# WORK ORDER
What you give back must match the data exactly, minus the pictures.
──────── INFORMATION PROVIDED ────────
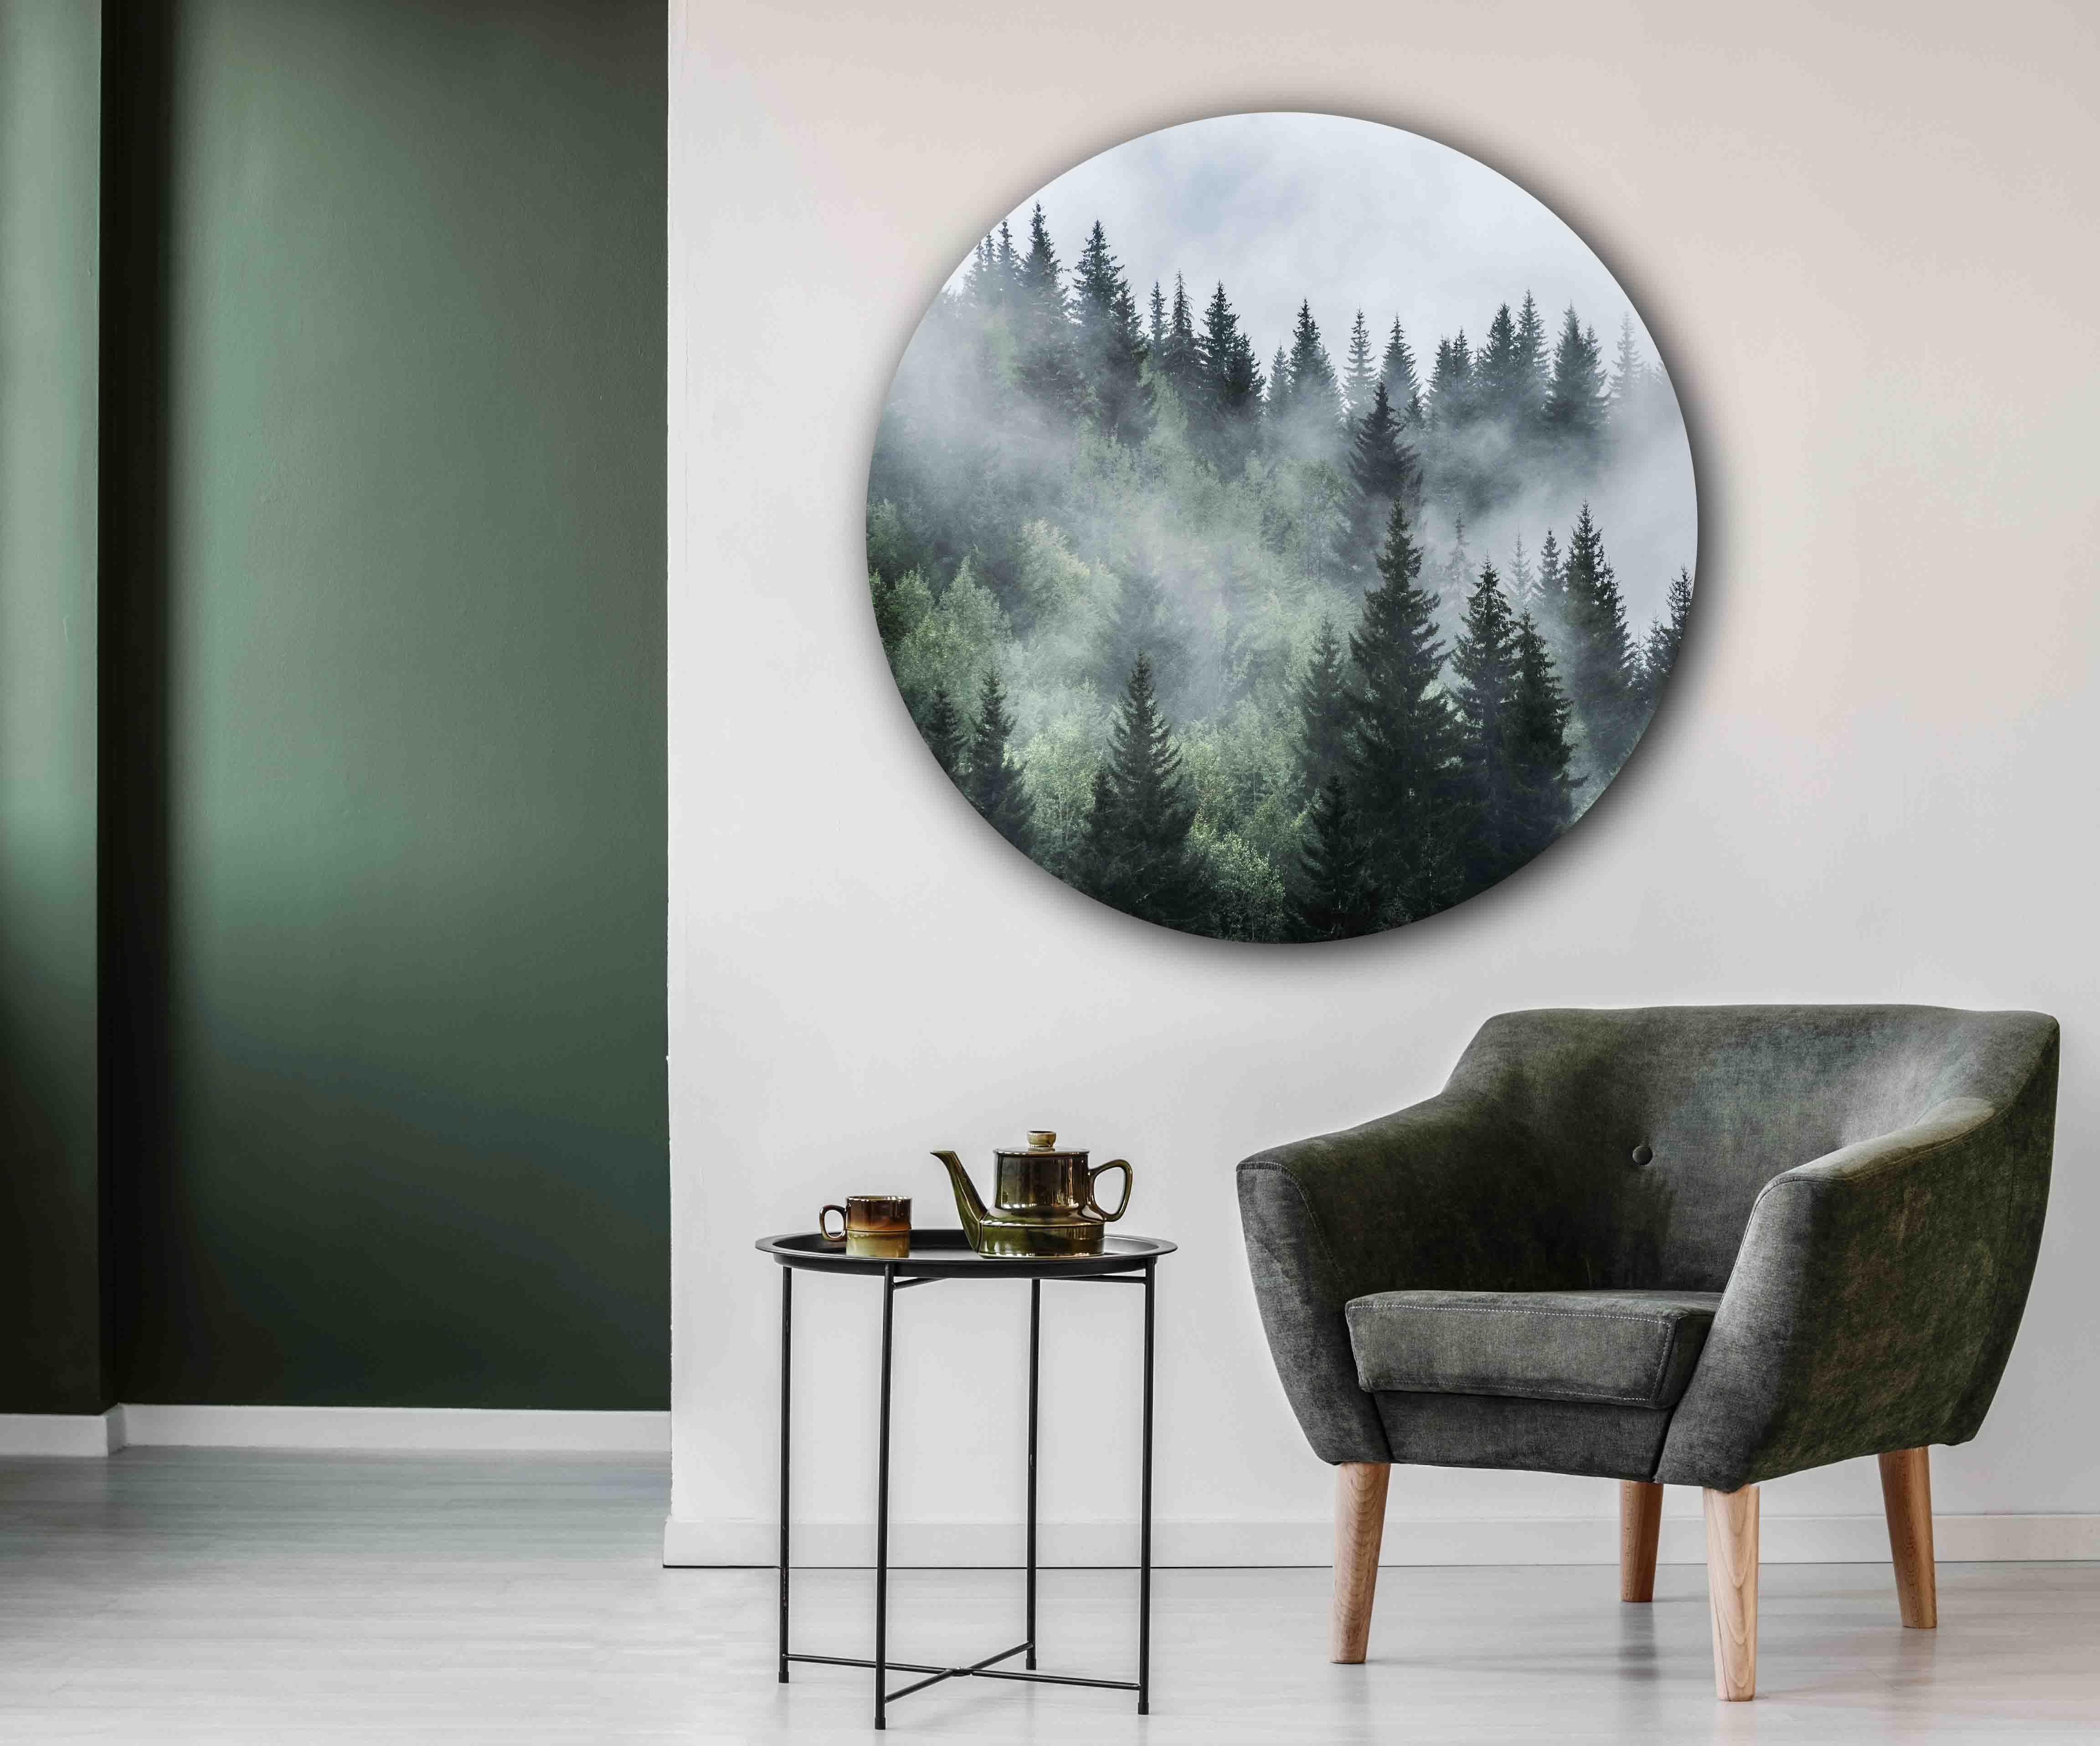 Wanddecoratie Voor In Huis Natuur Aan De Muur Thuis Woonkamer Muurdecoratie Thuisdecoratie
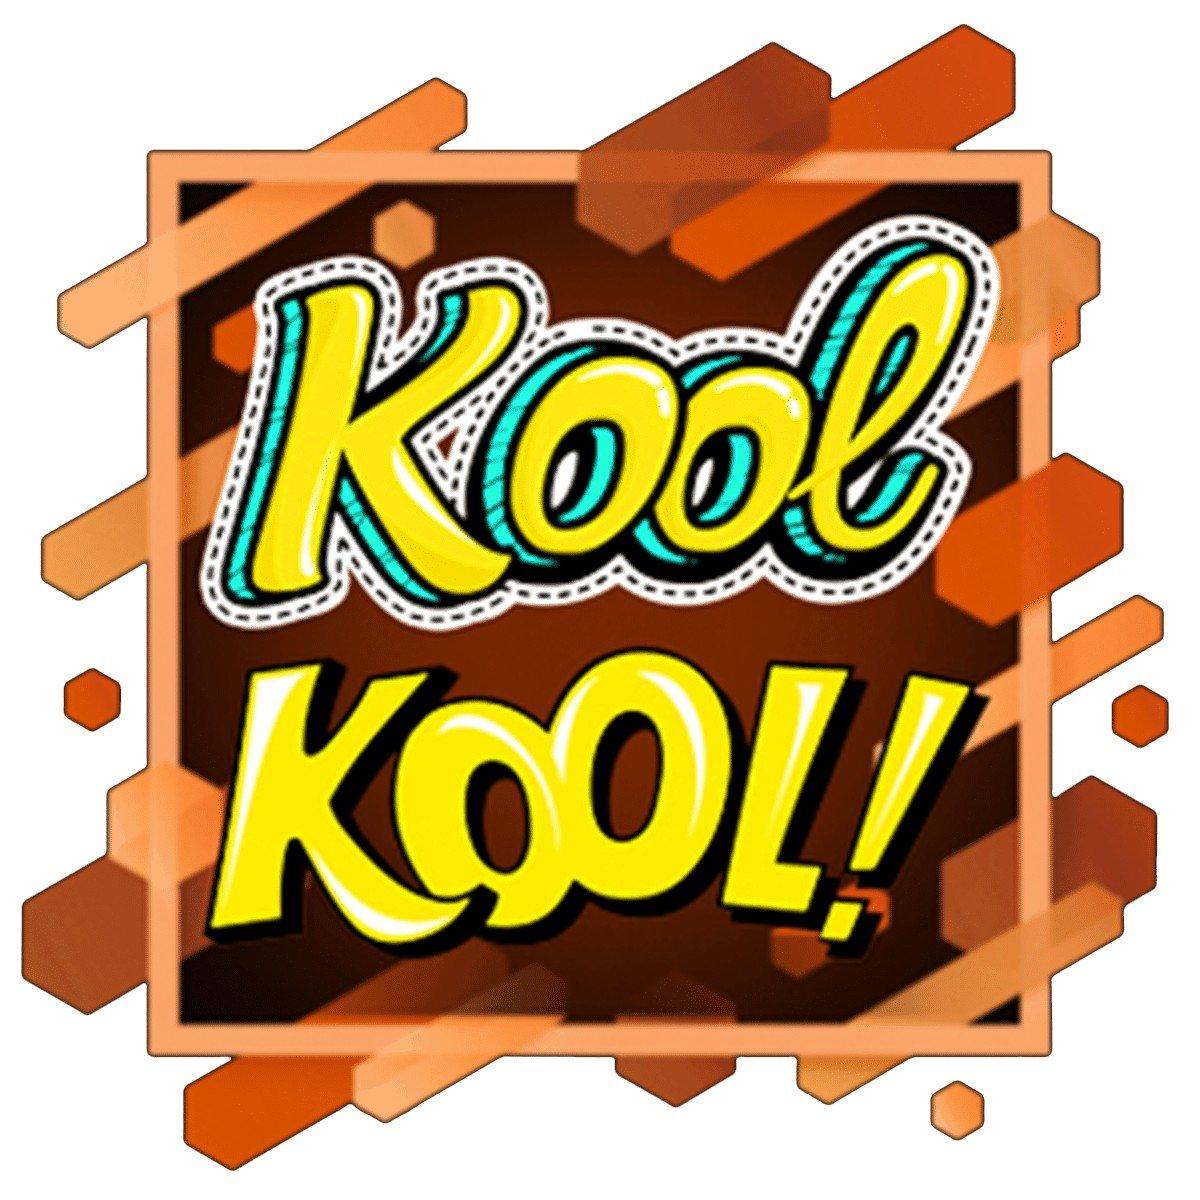 Kool-Kool
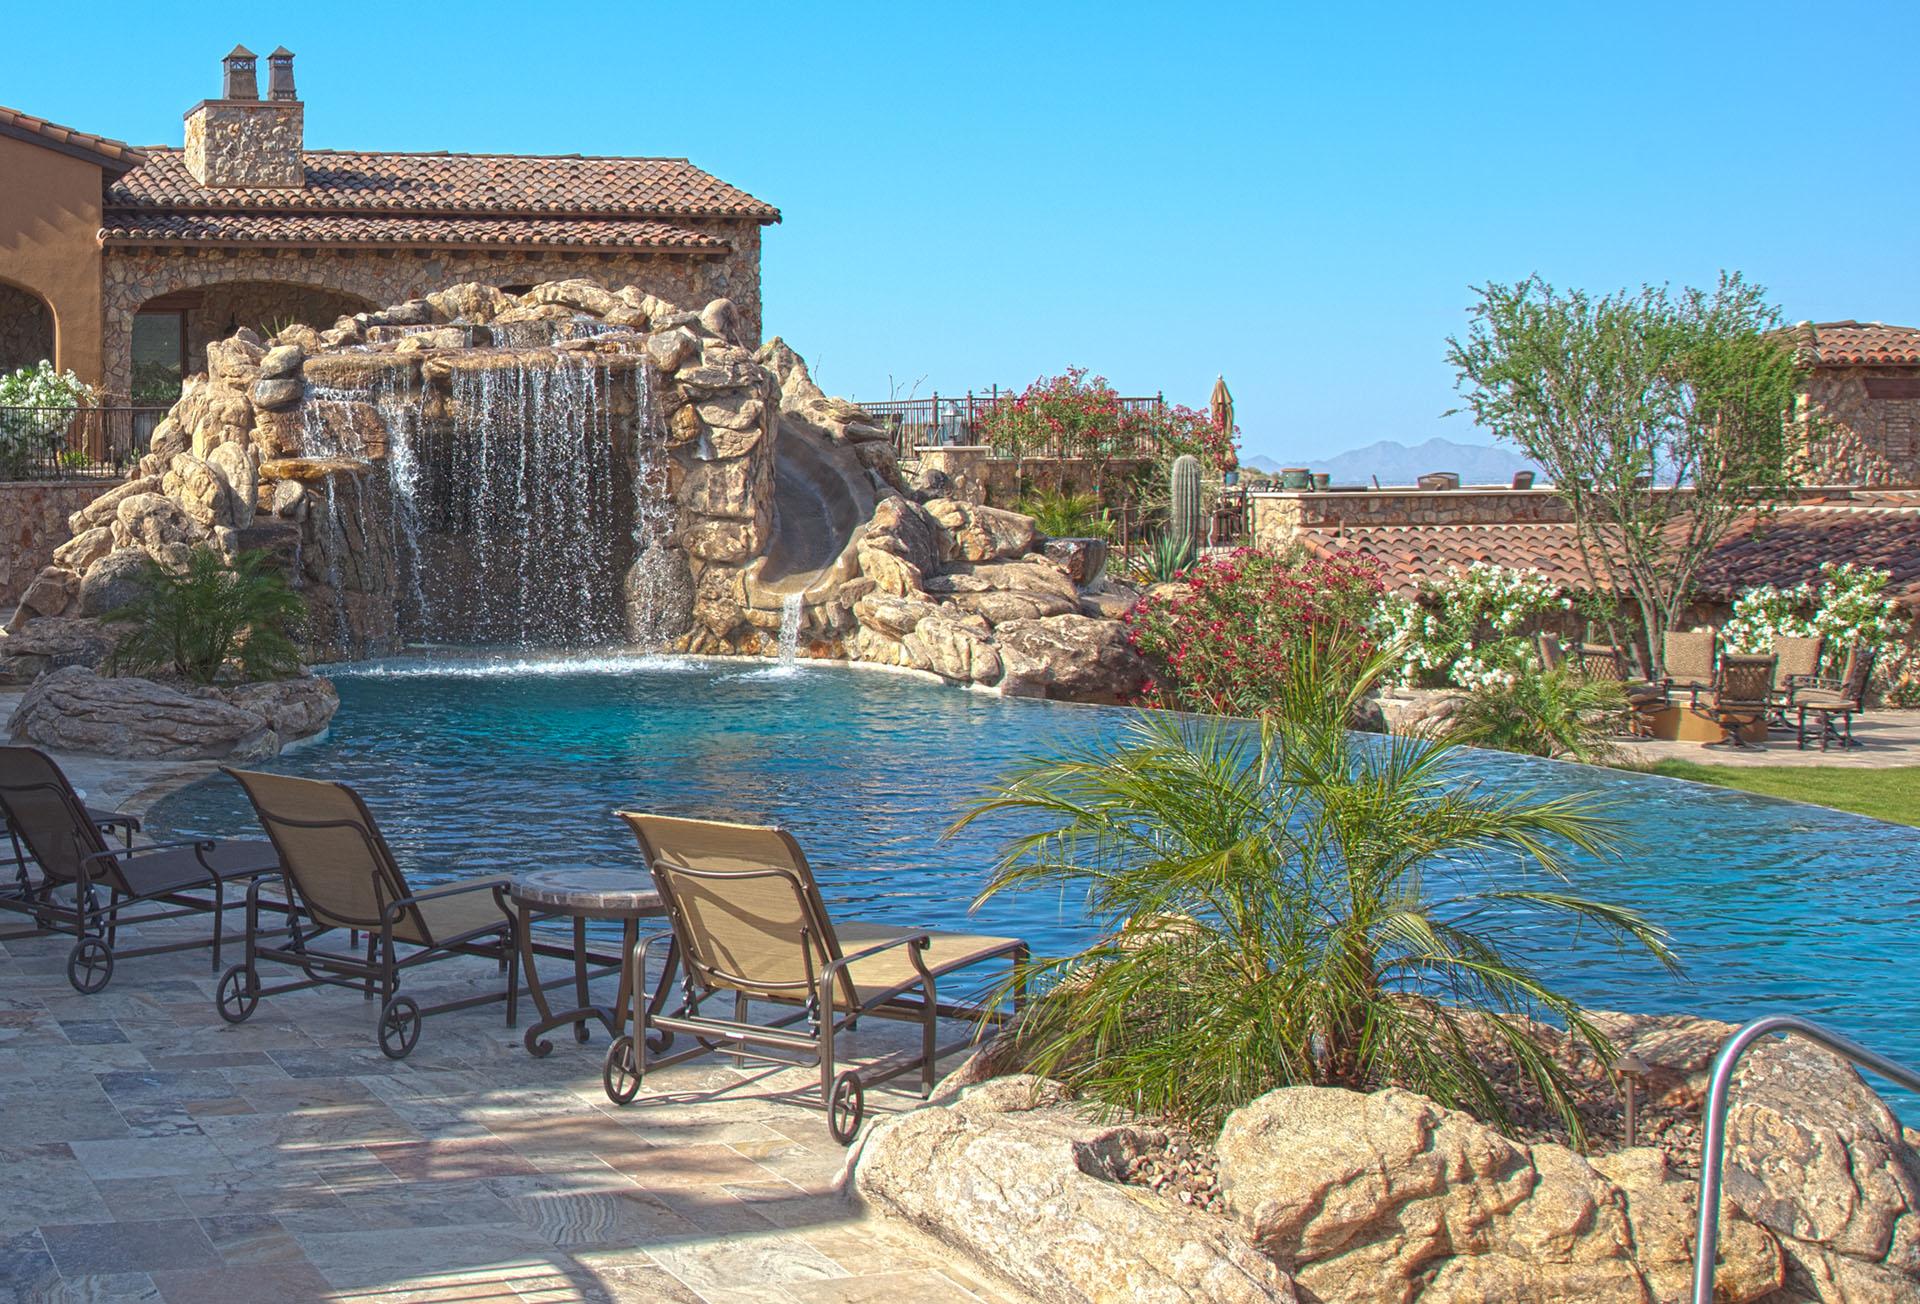 No limit pools spas in mesa az 602 421 9 for Pools in mesa az
────────
# EXERCISE OUTPUT
 Wanddecoratie Voor In Huis Natuur Aan De Muur Thuis Woonkamer Muurdecoratie Thuisdecoratie
 Kool-Kool
 No limit pools spas in mesa az 602 421 9 for Pools in mesa az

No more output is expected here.